Source records:
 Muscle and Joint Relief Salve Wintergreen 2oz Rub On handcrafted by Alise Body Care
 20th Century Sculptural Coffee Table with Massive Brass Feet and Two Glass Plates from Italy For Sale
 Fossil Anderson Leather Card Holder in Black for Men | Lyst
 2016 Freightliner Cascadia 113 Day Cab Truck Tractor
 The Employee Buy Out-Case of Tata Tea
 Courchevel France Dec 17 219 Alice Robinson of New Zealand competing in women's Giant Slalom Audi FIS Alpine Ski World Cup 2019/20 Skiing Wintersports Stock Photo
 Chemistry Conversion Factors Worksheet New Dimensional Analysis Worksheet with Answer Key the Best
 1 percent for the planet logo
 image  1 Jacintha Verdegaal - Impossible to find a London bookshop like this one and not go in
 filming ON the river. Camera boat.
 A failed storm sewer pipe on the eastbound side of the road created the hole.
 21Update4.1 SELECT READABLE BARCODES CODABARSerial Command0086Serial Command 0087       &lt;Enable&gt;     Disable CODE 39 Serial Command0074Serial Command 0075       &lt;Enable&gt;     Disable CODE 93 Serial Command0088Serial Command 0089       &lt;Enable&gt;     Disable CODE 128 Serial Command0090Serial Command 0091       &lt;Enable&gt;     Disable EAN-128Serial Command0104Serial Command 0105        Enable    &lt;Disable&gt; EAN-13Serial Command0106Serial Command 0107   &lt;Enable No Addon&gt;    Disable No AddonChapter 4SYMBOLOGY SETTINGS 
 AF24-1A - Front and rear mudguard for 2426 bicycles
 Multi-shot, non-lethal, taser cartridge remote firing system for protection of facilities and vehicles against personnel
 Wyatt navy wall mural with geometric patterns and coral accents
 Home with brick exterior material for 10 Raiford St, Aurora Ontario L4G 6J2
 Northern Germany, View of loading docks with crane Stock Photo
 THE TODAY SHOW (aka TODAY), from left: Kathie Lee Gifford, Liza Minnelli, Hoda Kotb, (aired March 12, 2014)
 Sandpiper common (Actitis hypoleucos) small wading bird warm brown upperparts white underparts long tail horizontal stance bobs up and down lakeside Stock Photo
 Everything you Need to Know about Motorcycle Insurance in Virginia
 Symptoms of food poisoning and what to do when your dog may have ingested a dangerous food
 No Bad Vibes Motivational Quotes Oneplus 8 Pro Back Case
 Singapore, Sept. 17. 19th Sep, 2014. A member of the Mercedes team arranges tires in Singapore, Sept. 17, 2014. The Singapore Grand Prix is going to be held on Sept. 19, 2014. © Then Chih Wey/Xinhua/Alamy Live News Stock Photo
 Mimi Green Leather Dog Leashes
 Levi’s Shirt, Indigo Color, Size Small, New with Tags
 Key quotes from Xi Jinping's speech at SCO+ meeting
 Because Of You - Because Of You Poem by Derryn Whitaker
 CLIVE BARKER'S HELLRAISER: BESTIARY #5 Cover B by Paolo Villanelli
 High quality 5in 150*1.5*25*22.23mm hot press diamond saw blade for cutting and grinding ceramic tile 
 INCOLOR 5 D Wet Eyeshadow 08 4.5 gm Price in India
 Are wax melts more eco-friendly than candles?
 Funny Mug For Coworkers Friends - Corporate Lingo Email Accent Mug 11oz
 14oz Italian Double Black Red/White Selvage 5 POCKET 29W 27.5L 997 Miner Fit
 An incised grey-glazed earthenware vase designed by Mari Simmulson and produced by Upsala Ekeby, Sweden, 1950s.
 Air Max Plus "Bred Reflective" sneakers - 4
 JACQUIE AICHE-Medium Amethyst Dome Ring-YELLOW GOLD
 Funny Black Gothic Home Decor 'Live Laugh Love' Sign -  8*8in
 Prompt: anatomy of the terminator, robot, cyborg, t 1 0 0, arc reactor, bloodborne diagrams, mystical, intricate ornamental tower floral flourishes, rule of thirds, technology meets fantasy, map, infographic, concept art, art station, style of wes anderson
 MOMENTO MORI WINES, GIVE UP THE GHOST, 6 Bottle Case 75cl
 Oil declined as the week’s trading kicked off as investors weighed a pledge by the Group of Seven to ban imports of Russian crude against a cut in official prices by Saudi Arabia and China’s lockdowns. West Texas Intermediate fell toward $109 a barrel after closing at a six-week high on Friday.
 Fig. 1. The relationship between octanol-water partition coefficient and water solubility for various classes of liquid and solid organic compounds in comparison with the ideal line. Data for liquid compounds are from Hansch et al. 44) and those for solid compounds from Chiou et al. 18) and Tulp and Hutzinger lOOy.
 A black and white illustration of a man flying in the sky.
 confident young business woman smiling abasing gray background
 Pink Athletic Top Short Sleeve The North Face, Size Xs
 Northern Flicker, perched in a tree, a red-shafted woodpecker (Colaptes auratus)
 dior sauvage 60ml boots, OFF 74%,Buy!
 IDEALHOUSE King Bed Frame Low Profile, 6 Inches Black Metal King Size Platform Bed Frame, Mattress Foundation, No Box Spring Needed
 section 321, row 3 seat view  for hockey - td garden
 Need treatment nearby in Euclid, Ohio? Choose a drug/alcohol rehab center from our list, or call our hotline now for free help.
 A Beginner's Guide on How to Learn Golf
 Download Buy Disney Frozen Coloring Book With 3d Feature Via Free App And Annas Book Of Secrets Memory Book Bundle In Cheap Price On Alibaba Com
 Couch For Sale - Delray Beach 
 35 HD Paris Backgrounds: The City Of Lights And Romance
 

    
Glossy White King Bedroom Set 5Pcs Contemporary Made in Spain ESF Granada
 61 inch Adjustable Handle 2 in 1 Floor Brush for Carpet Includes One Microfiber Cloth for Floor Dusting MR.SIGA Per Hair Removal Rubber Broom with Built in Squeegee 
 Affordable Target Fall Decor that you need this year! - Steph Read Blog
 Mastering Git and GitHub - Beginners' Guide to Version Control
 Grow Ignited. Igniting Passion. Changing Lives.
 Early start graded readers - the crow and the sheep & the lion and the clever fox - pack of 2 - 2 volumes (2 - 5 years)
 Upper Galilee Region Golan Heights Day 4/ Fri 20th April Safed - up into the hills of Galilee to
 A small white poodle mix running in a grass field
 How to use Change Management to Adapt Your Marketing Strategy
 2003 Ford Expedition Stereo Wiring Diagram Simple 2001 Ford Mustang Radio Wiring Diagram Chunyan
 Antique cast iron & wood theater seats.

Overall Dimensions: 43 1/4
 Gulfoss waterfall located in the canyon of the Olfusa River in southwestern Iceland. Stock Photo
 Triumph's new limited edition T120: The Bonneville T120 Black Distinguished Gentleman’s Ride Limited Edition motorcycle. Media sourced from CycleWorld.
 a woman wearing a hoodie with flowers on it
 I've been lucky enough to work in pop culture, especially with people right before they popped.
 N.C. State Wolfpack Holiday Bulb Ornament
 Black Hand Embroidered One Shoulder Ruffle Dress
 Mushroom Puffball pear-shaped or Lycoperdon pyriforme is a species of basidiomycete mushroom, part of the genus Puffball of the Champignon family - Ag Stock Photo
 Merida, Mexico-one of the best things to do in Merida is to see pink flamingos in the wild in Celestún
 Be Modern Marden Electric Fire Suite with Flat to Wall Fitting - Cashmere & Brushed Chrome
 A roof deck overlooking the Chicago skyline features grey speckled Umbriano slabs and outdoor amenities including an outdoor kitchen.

What the task asks |
Start with the line above that contains "Multi-shot, non-lethal, taser" and end with the line that contains "Everything you Need". Write out those lines exactly, and only those.

Response area |
 Multi-shot, non-lethal, taser cartridge remote firing system for protection of facilities and vehicles against personnel
 Wyatt navy wall mural with geometric patterns and coral accents
 Home with brick exterior material for 10 Raiford St, Aurora Ontario L4G 6J2
 Northern Germany, View of loading docks with crane Stock Photo
 THE TODAY SHOW (aka TODAY), from left: Kathie Lee Gifford, Liza Minnelli, Hoda Kotb, (aired March 12, 2014)
 Sandpiper common (Actitis hypoleucos) small wading bird warm brown upperparts white underparts long tail horizontal stance bobs up and down lakeside Stock Photo
 Everything you Need to Know about Motorcycle Insurance in Virginia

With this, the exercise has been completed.